It was still raining later in the afternoon when Dobson returned from a trudge along the towpath of the filthy old canal. He came crashing through the door, sopping wet, leaving a trail of puddles in his wake. Marigold Chew eyed him carefully.

“Who is this come a-crashing through the door?” she asked, “Is it Dobson or Doughty, or some zany minglement of both Dobson and Doughty?”

By way of reply, the pamphleteer merely grunted.

“You are sopping wet and leaving a trail of puddles in your wake,” said Marigold Chew, “Nobody could look less like they had been travelling in Arabia Deserta. I’ll put the kettle on.”

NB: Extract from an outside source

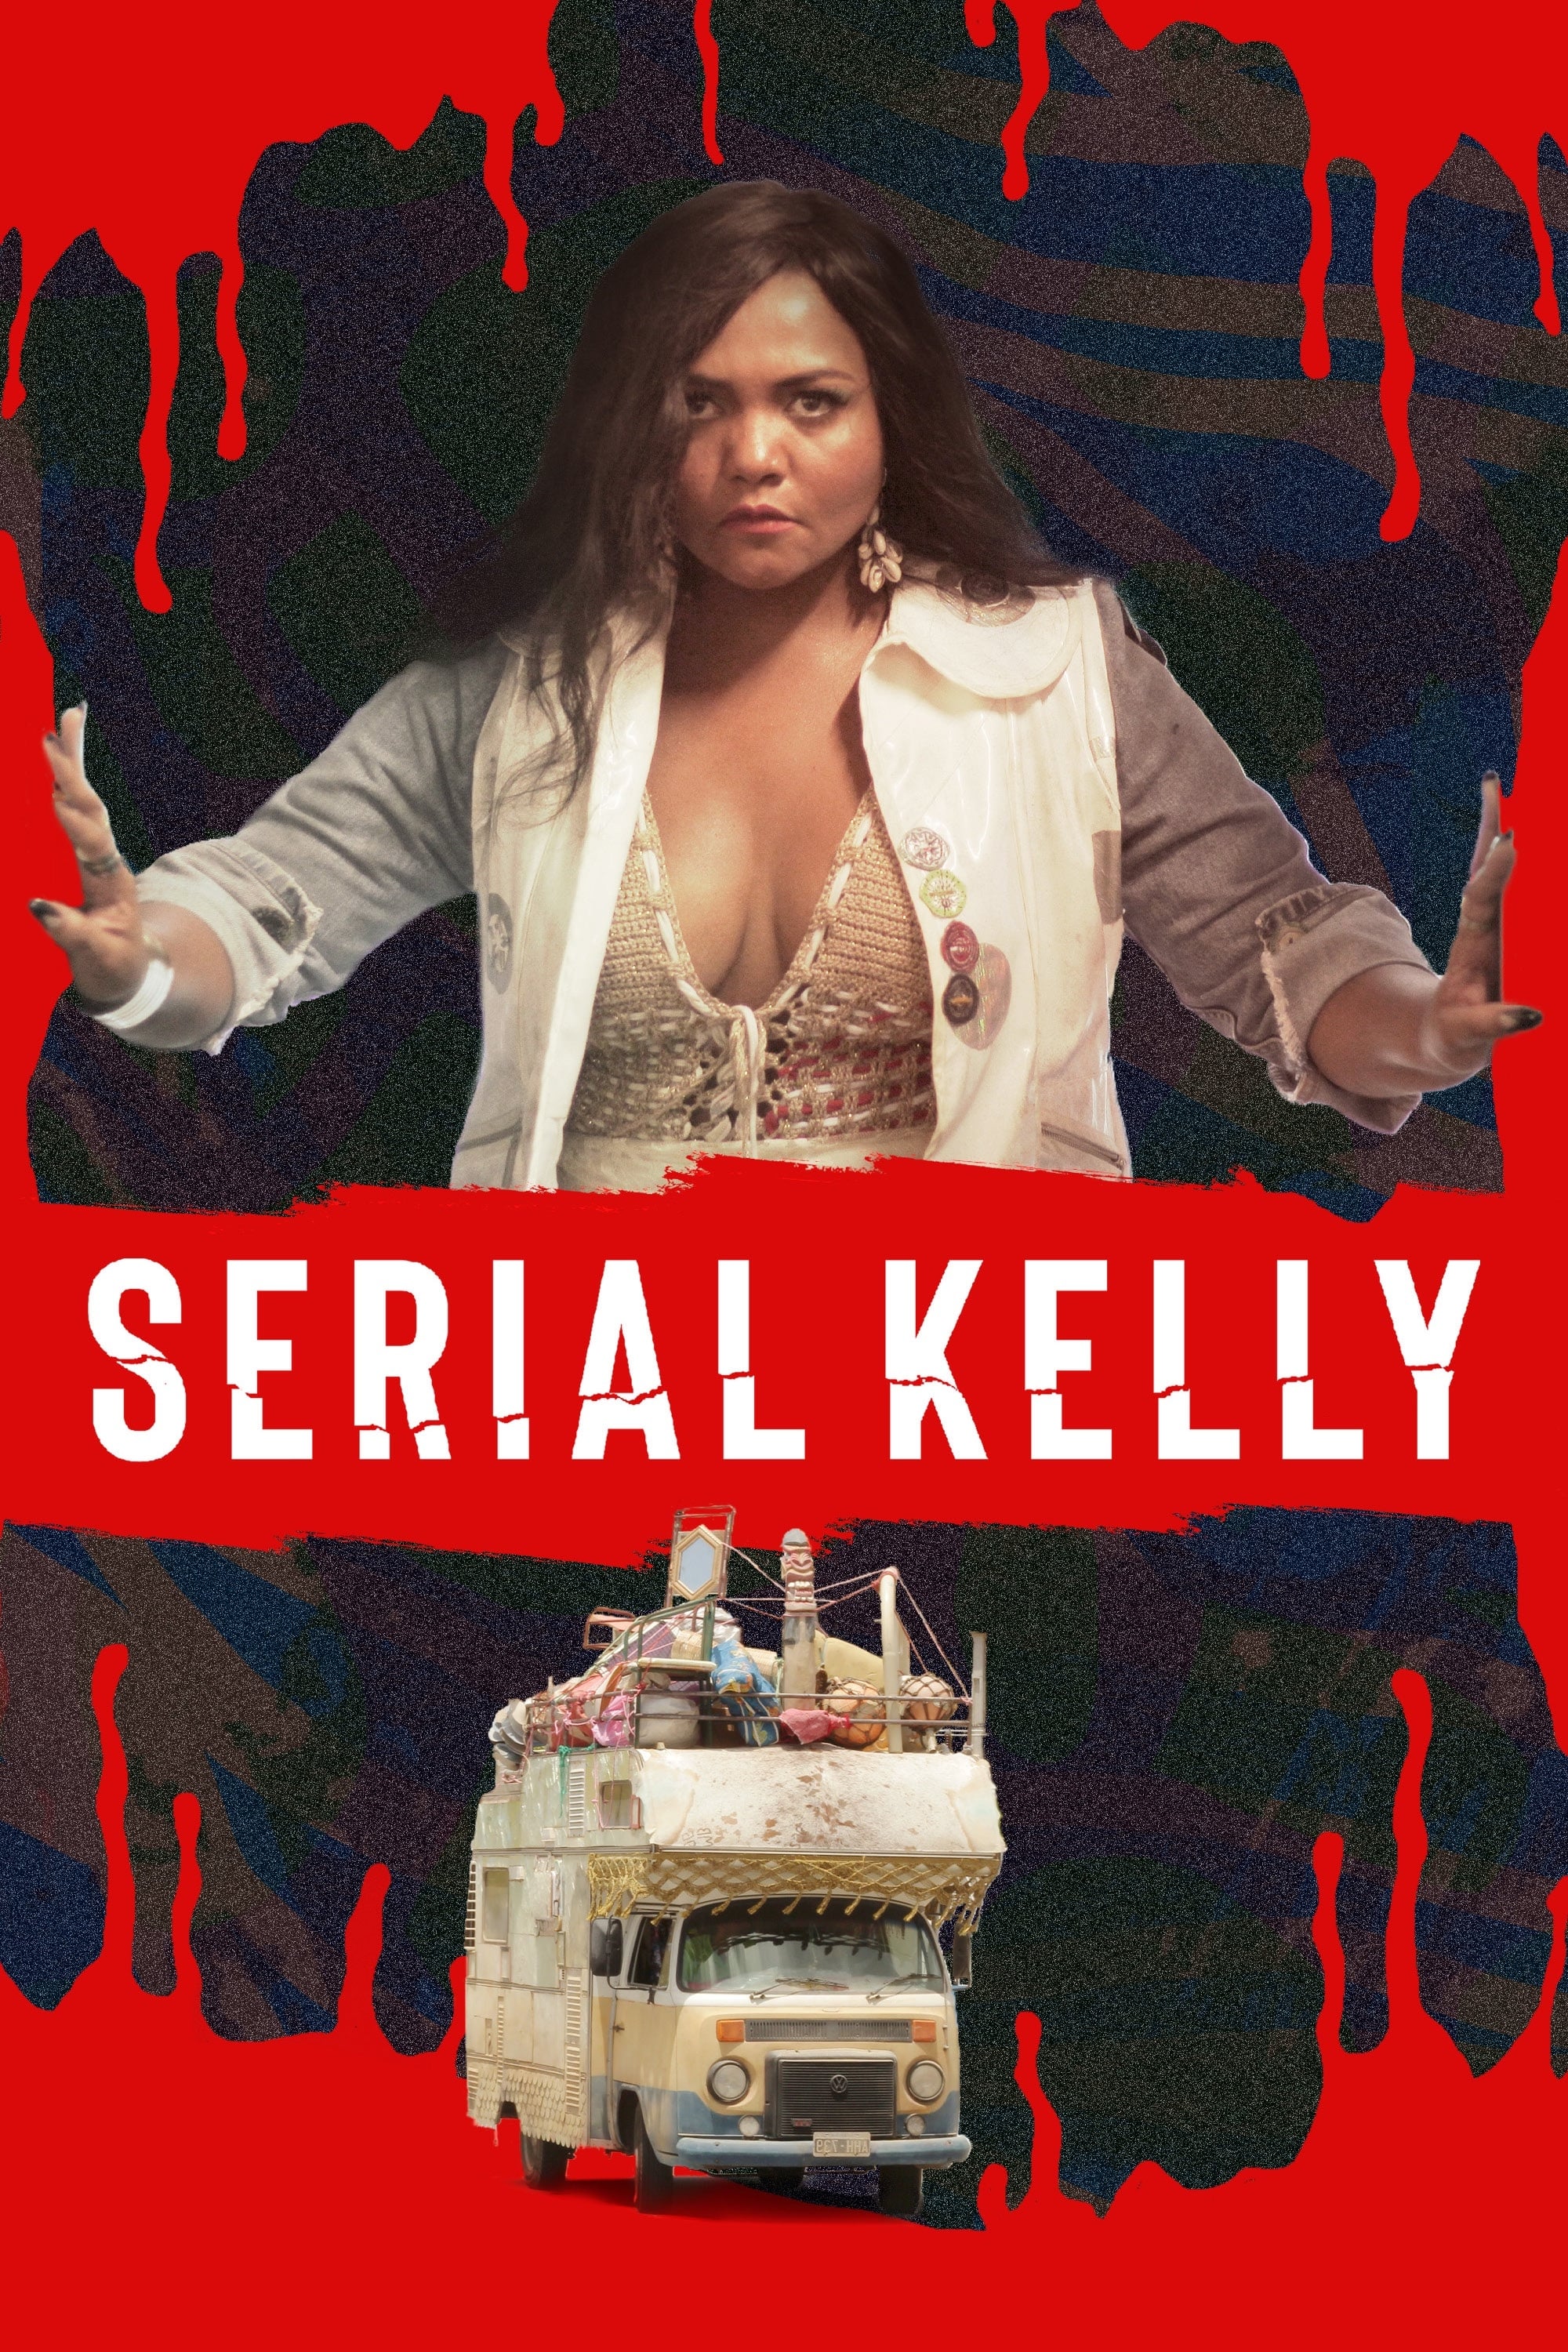 Serial Kelly

As she went to the kitchen sink, Marigold Chew saw, in the waste bin, the snipped-out photograph of Charles Montagu Doughty’s head, torn in half and scrunched up, the hole pierced by Dobson’s drawing pin visible in the centre of the Doughty forehead.

*

“How are you getting on with your visionary rewriting?” asked Marigold Chew that evening, as she and Dobson sprawled on the sofa. From the Dansette on the sideboard came the finger-tapping hoo-cha of Xavier Cugat and His Orchestra.

“I may have to rethink my plan,” said Dobson.

“Oh?”

“I gazed and gazed at Doughty’s head for hours,” said the pamphleteer, “But only one mirage, or vision, came swimming into my head. I could neither replace it nor dislodge it. There is not enough material there for a mad and massive book in two volumes, which was what I hoped to be able to wreak from the wild imaginings boiling in my doubled Dobson-Doughty brain. Instead, I shall have to make do with a recipe book. Or rather, a recipe pamphlet, for I have but the one recipe. That was my mirage.”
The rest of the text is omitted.